Crazy dog ladies are much less crazy than crazy cat ladies. And this coming from a cat guy


----------



## CT Girl

It is a very positive sign that your dog is defecating outside. It sounds like your son is a mature seven so the option of attaching the leash to him would work. Try to get the dog on a regular schedule. You really do need to make sure the problem area is thoroughly cleaned with the enzyme cleaner and use it if there are new accidents. Even a well trained dog may go inside of he gets that scent. This won't stop the behavior on its own but it will make the area less enticing. It sounds like you are doing this but continue even if it doesn't look like it is effective. It sounds like you have gained some insights as to how this behavior started. It could be as simple as a break in training because the dog was not let out properly when your mother in law visited. This is much easier to deal with than a fear of pooping outside. Do let us know how things are going. I do hope things get resolved soon.


----------



## fjm

I'm the local Cat Lady, and the one with the tiny dogs ...does have the advantage that my neighbours have rather given up trying to pigeon hole me!

I think I would start going out with him (on a long line if necessary), waiting for him to poop, rewarding him, and working on the cue word. It would be time consuming at first, but getting the behaviour on cue should not take long with such an intelligent little dog, and once it is you only need to stay out with him for a few minutes and then he can run off to do his own thing. The communal grounds where I live are not secure and because they are shared pooper scooping is mandatory, so I always have to accompany my two on trips out (often in dressing gown and slippers and without my contact lenses in, peering myopically while clutching a poo bag - another thing for the neighbours to note!) - teaching the dogs not to take forever about their toileting therefore came fairly high on my list when they were pups!


----------



## Tossman

CT Girl said:


> It could be as simple as a break in training because the dog was not let out properly when your mother in law visited.


I really hope that's all it is! I didn't know he had been pooping outside too.
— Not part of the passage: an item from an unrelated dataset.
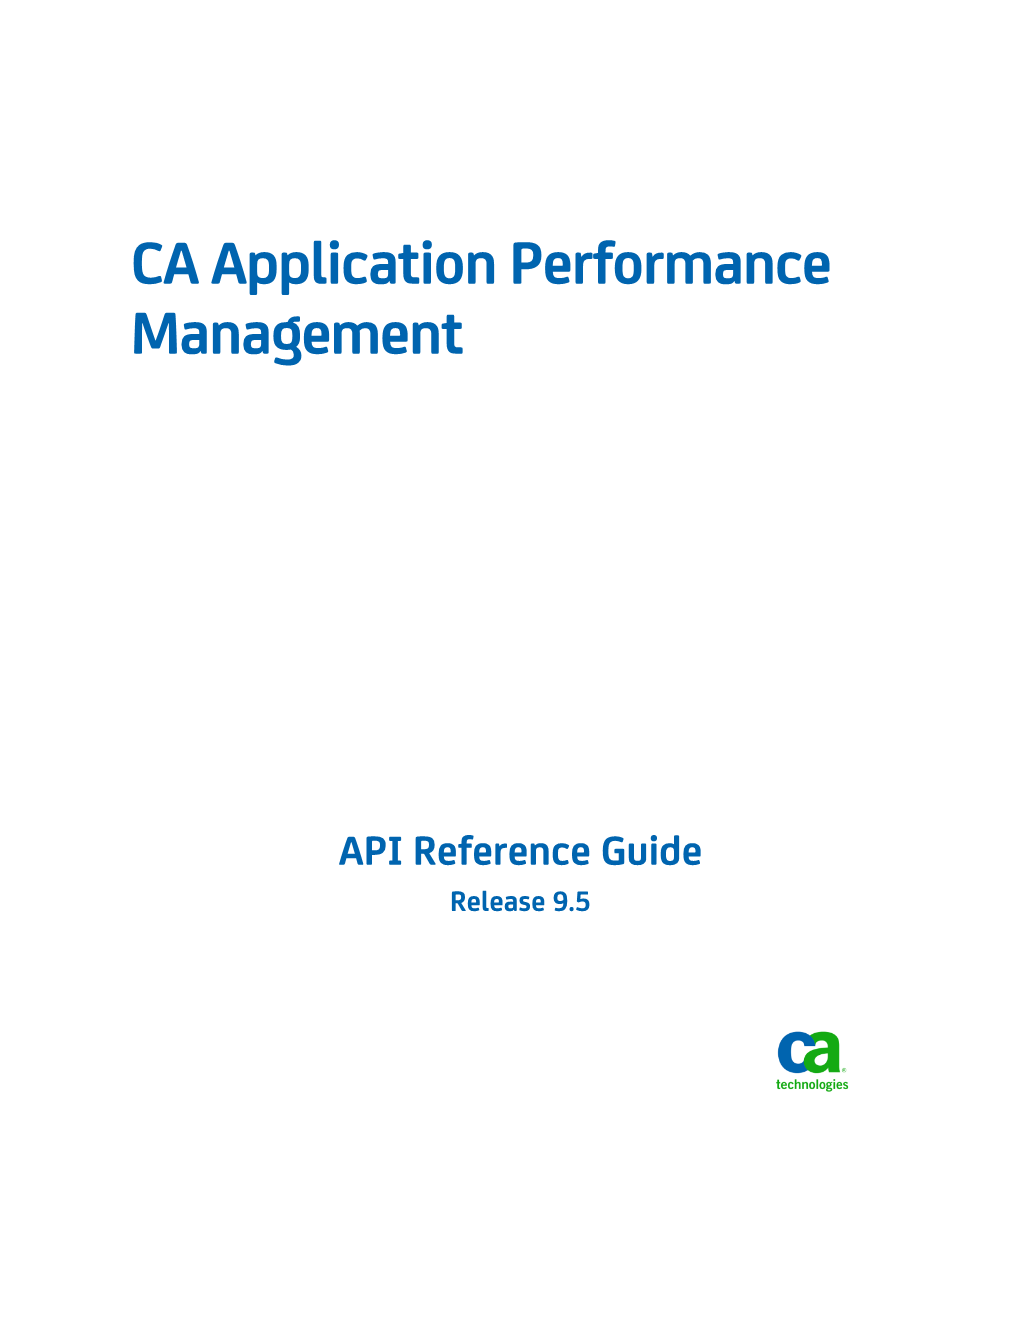 CA Application Performance Management API Reference Guide

fjm, the communal pooping area would be maddening! Luckily we've got an empty field behind our house. The nice thing about poodle doo (if there is a nice thing about poodle doo) is that it's fairly small and fairly benign. If I have to have a dog pooping on my floor, I'd rather it be a poodle!


----------



## N2Mischief

I'm so happy so many people were able to give you some advice that may help! I agree that if he is going outside at times that is a good sign. 

I have fostered a lot of dogs (only one poodle mix and the rest pugs). Most came un-housebroken. Some were already senior dogs that had never been in a house. Yikes! I used a combination of many of the others' suggestions. What I found worked best in most cases was of course the crate, tethering to my body when out of the crate, using a command for the "act", and throwing a mini party each time we were successful (praising to the point where my neighbors must have thought I had lost my mind). I think the key is preventing accidents (tethering to someone). It is a pain, but really doesn't take terribly long. Then you have to give him his freedom just a bit at a time. Too much freedom too soon and he will revert. 

I understand about the cat thing. My husband is cat crazy and though he likes dogs, he much prefers cats. His cat is his baby! A 26.5 pound ball of lazy. His cat weighs more than all three of the dogs combined! 

As for the autism, our grand daughter who lives with us is autistic. She will be two next month and I would love to hear any hints and advice (via email or private) that has worked for you. We have been in therapy for 3 months with no progress.


----------



## Sweetp

Tossman, does the poodle behave this way only when you're home or does he do it any time? Could it be attention seeking behavior? Sometimes they want attention from some person so badly that they'll do whatever it takes to get that attention whether it's good or bad.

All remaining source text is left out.